Posted by Scott Van Voorhis November 10, 2009 09:00 AM

Home prices are on the rise again in the greater Boston market, a new survey shows.

Values rose 1.6 percent in the third quarter over the same period in 2008 in Boston and the suburbs, to a new median of $331,500, Zillow.com reports.

Short-term, prices were up even more, rising 3.7 percent in the third quarter over the second.
It’s the latest bump up in prices in the Boston area over the past few months, one that is making our area a national leader of sorts as it climbs out the real estate ditch.

Boston and Milwaukee were the largest markets to see home prices rise year-over-year in the quarter, according to Zillow.

Still, as scary as the protracted real estate downturn has been, signs that prices are turning around relatively quickly here in the Boston area leaves me uneasy.

The downturn may have lowered prices for a time, but it did not solve the greater Boston real estate market's core problem, an inability to produce now housing to meet demand.

Whether it’s a downturn or a boomtime, relatively little new housing, especially of the single-family home variety, little gets built around here.

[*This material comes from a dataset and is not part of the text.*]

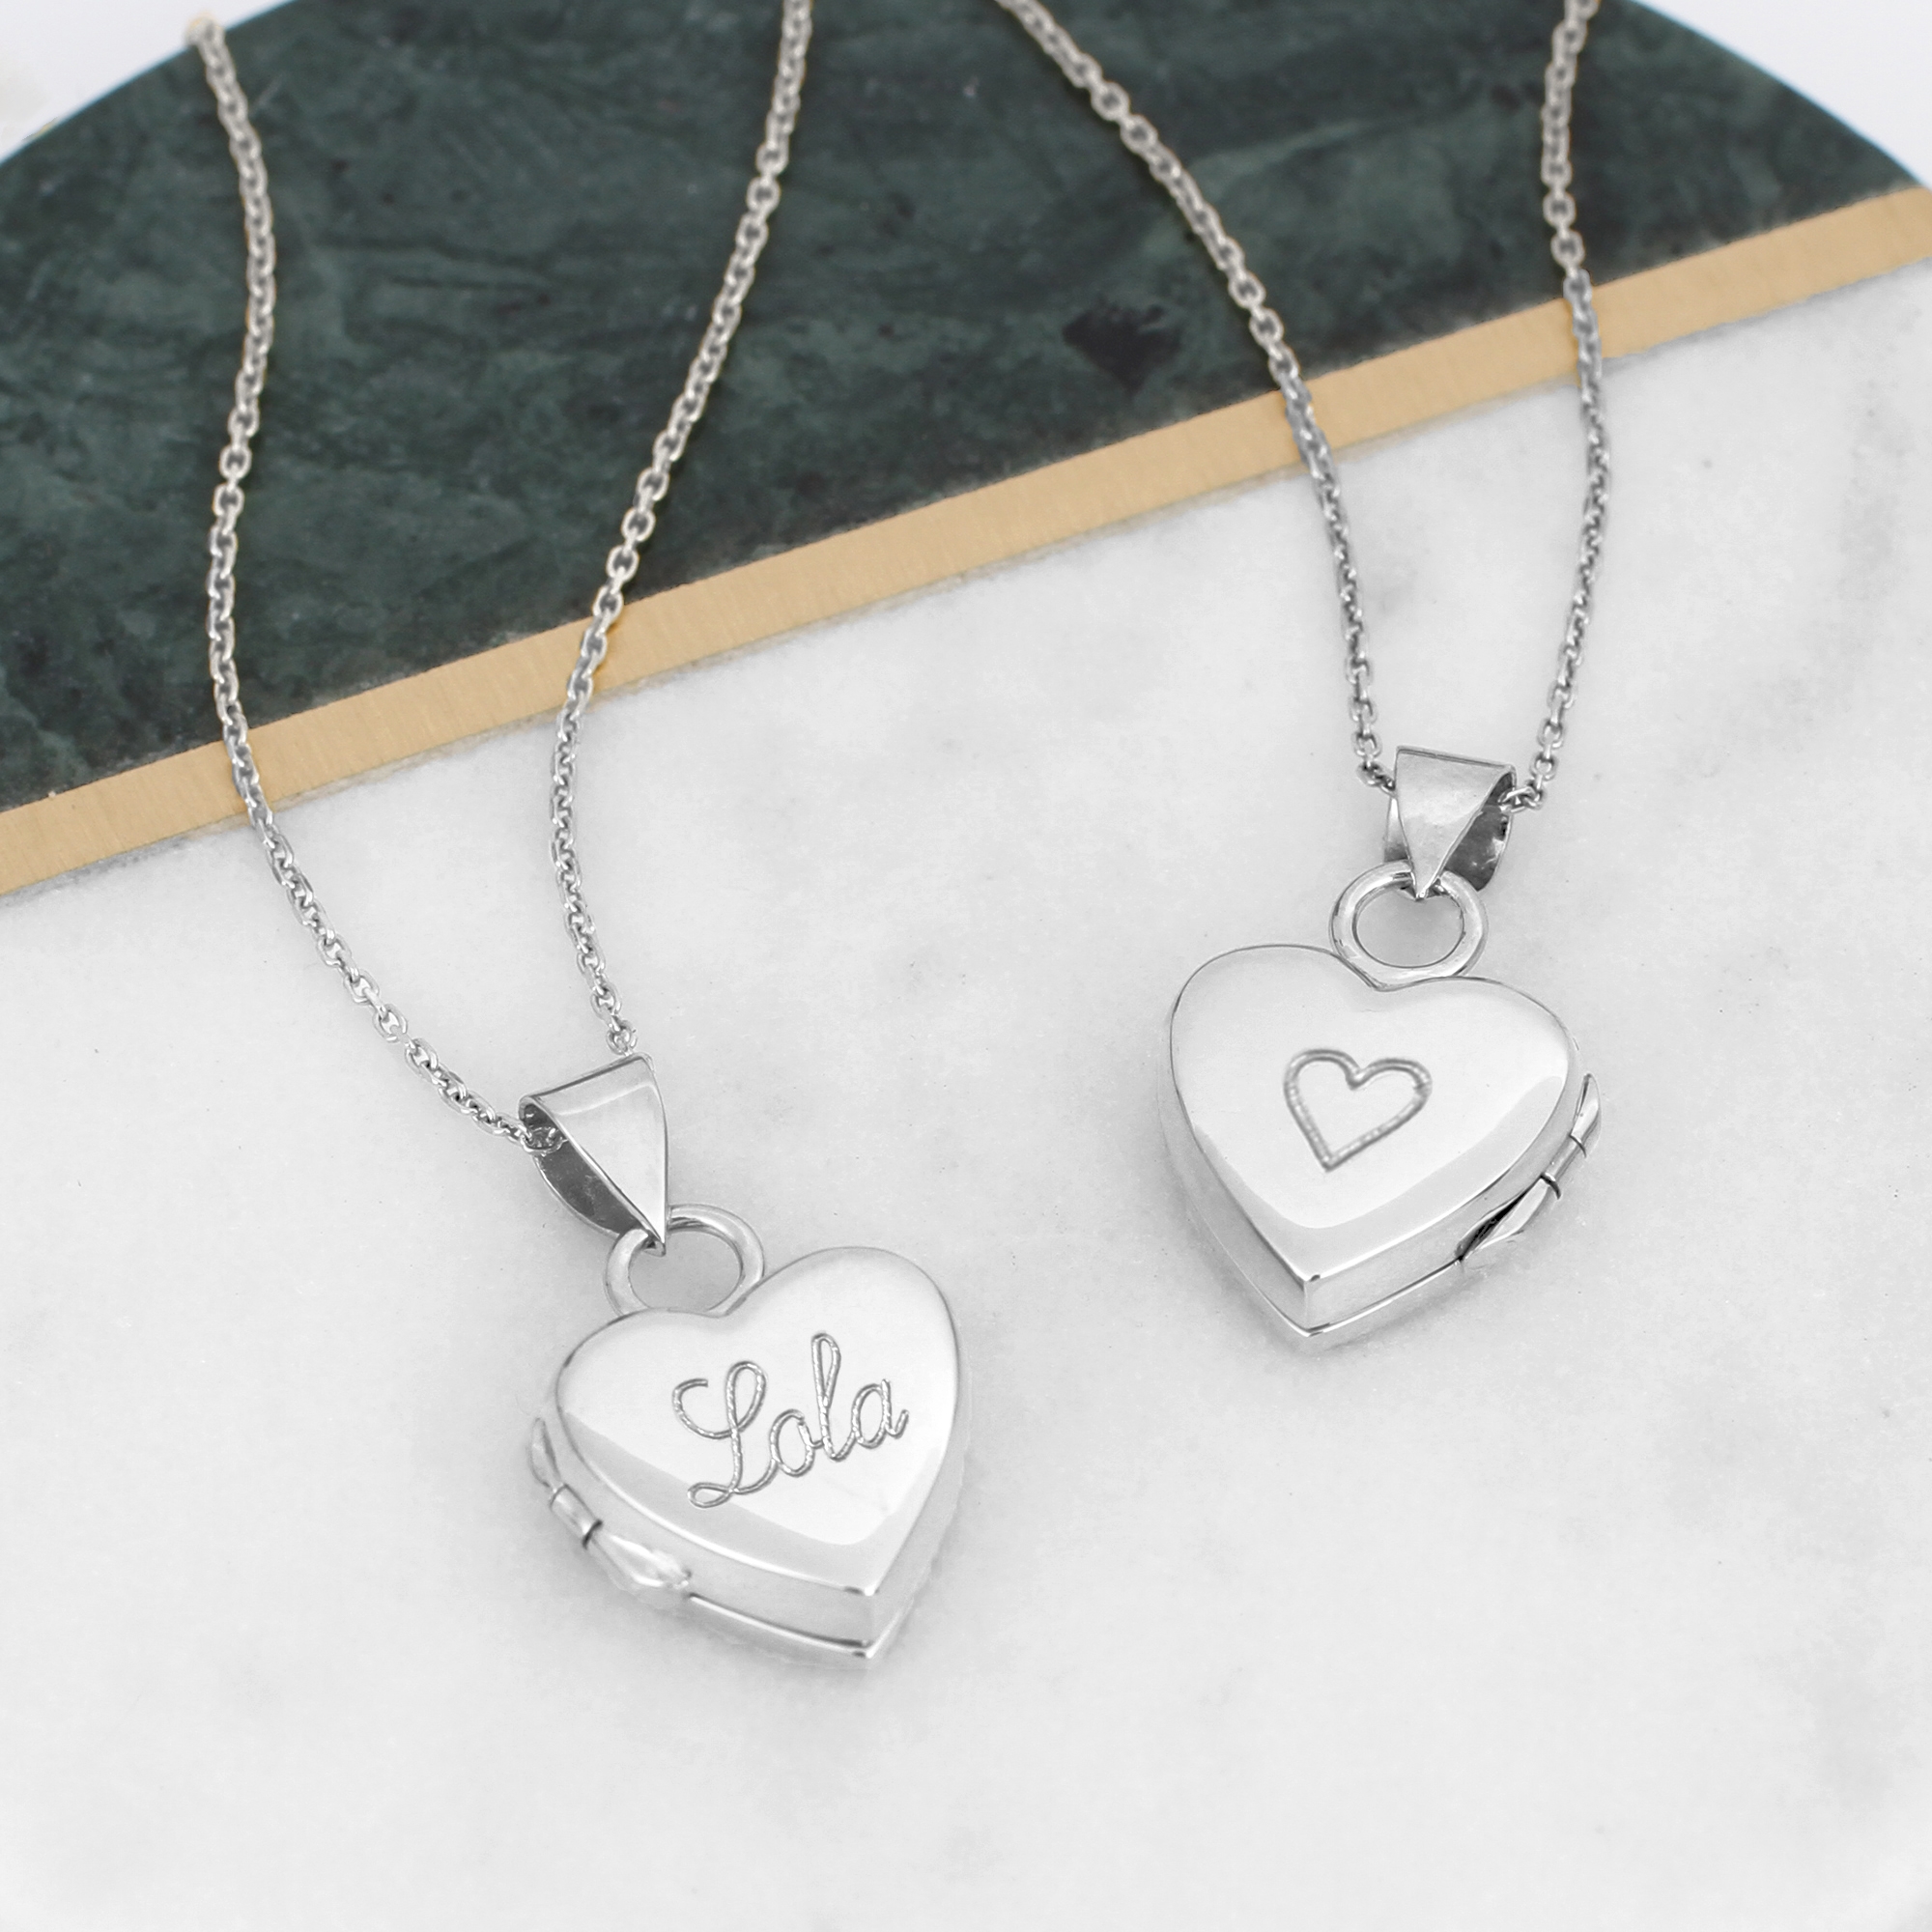 Personalised Sterling Silver Heart Locket Necklace – Hurley Burley

That means, as the inventory of unsold homes starts to fall, as it has pretty dramatically in recent months across Massachusetts, the upward pressure on pricing will mount.

Homes on the market have fallen from more than 43,000 back in September of 2006 to 28,000 this September, the Massachusetts Association of Realtors recently reported.

The price increases come amid news the home buyer tax credit has been extended across the board, not just to first-timers.

The credit has provided a badly needed – if crude and clumsy - jolt to the nation’s housing market.

But its impact on bubble prone markets like Boston is another matter.

We have a market full of desperate sellers for the past few years.

Let’s just not hope we are replacing it with a market full of desperate buyers.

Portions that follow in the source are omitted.